Een bestand uploaden naar een map
Upload een bestand naar een map met behulp van de cmdlet New-AzDataLakeGen2Item .
In dit voorbeeld wordt een bestand met de naam upload.txt
geüpload naar een map met de naam my-directory
.
$localSrcFile = "upload.txt"
$filesystemName = "my-file-system"
$dirname = "my-directory/"
$destPath = $dirname + (Get-Item $localSrcFile).Name
New-AzDataLakeGen2Item -Context $ctx -FileSystem $filesystemName -Path $destPath -Source $localSrcFile -Force
In dit voorbeeld wordt hetzelfde bestand geüpload, maar worden de machtigingen, umask, eigenschapswaarden en metagegevenswaarden van het doelbestand ingesteld. In dit voorbeeld worden deze waarden ook afgedrukt op de console.
$file = New-AzDataLakeGen2Item -Context $ctx -FileSystem $filesystemName -Path $destPath -Source $localSrcFile -Permission rwxrwxrwx -Umask ---rwx--- -Property @{"ContentEncoding" = "UDF8"; "CacheControl" = "READ"} -Metadata @{"tag1" = "value1"; "tag2" = "value2" }
$file1
$file1.Properties
$file1.Properties.Metadata
Notitie
Als u een bestand wilt uploaden naar de hoofdmap van de container, laat u de -Path
parameter weg.
Bestandseigenschappen weergeven
In dit voorbeeld wordt een bestand opgehaald met behulp van de cmdlet Get-AzDataLakeGen2Item en worden de eigenschapswaarden vervolgens afgedrukt naar de console.
$filepath = "my-directory/upload.txt"
$filesystemName = "my-file-system"
$file = Get-AzDataLakeGen2Item -Context $ctx -FileSystem $filesystemName -Path $filepath
$file
$file.ACL
$file.Permissions
$file.Group
$file.Owner
$file.Properties
$file.Properties.Metadata
Een bestand verwijderen
Verwijder een bestand met behulp van de cmdlet Remove-AzDataLakeGen2Item .

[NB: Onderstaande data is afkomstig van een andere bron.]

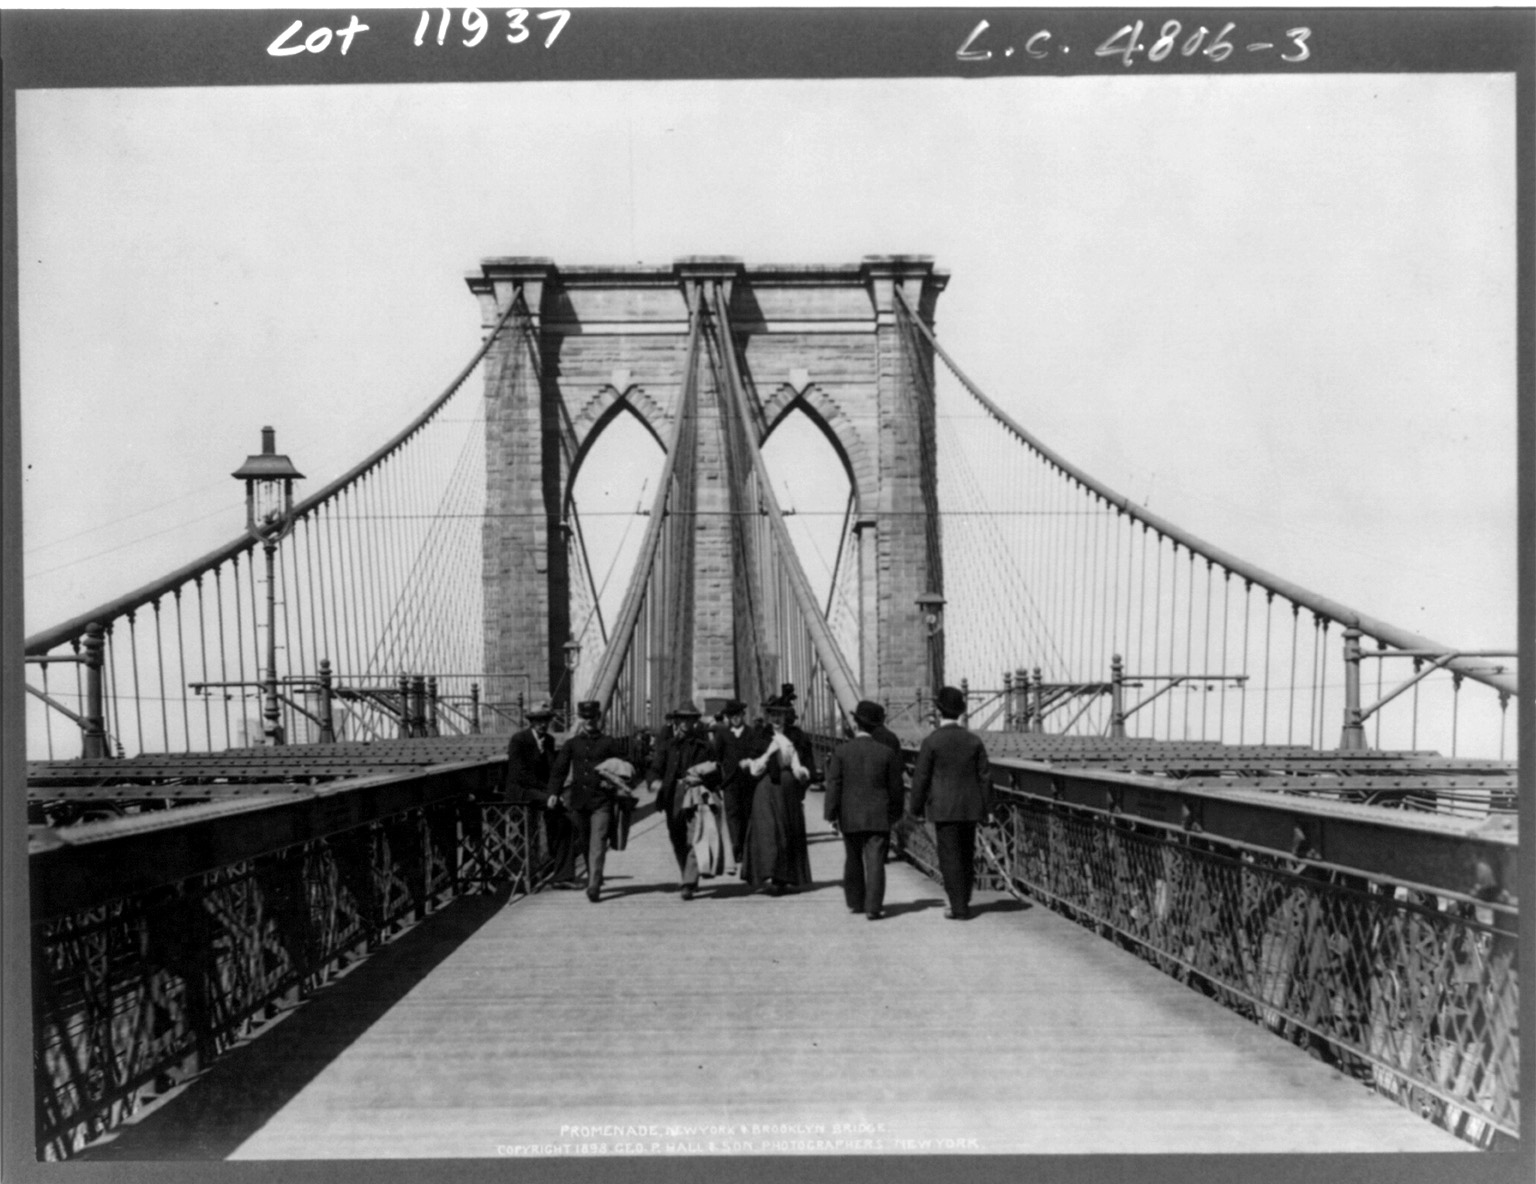 Pedestrian crossing at the Brooklyn Bridge in New York City (1898)

In dit voorbeeld wordt een bestand met de naam upload.txt
verwijderd.
$filesystemName = "my-file-system"
$filepath = "upload.txt"
Remove-AzDataLakeGen2Item -Context $ctx -FileSystem $filesystemName -Path $filepath
U kunt de -Force
parameter gebruiken om het bestand te verwijderen zonder een prompt.
Gen1 naar Gen2-toewijzing
In de volgende tabel ziet u hoe de cmdlets die worden gebruikt voor Data Lake Storage Gen1, worden toegewezen aan de cmdlets voor Data Lake Storage.
Notitie
Azure Data Lake Storage Gen1 is nu buiten gebruik gesteld. Bekijk hier de aankondiging van de buitengebruikstelling. Data Lake Storage Gen1-resources zijn niet meer toegankelijk. Als u speciale hulp nodig hebt, neem dan contact met ons op.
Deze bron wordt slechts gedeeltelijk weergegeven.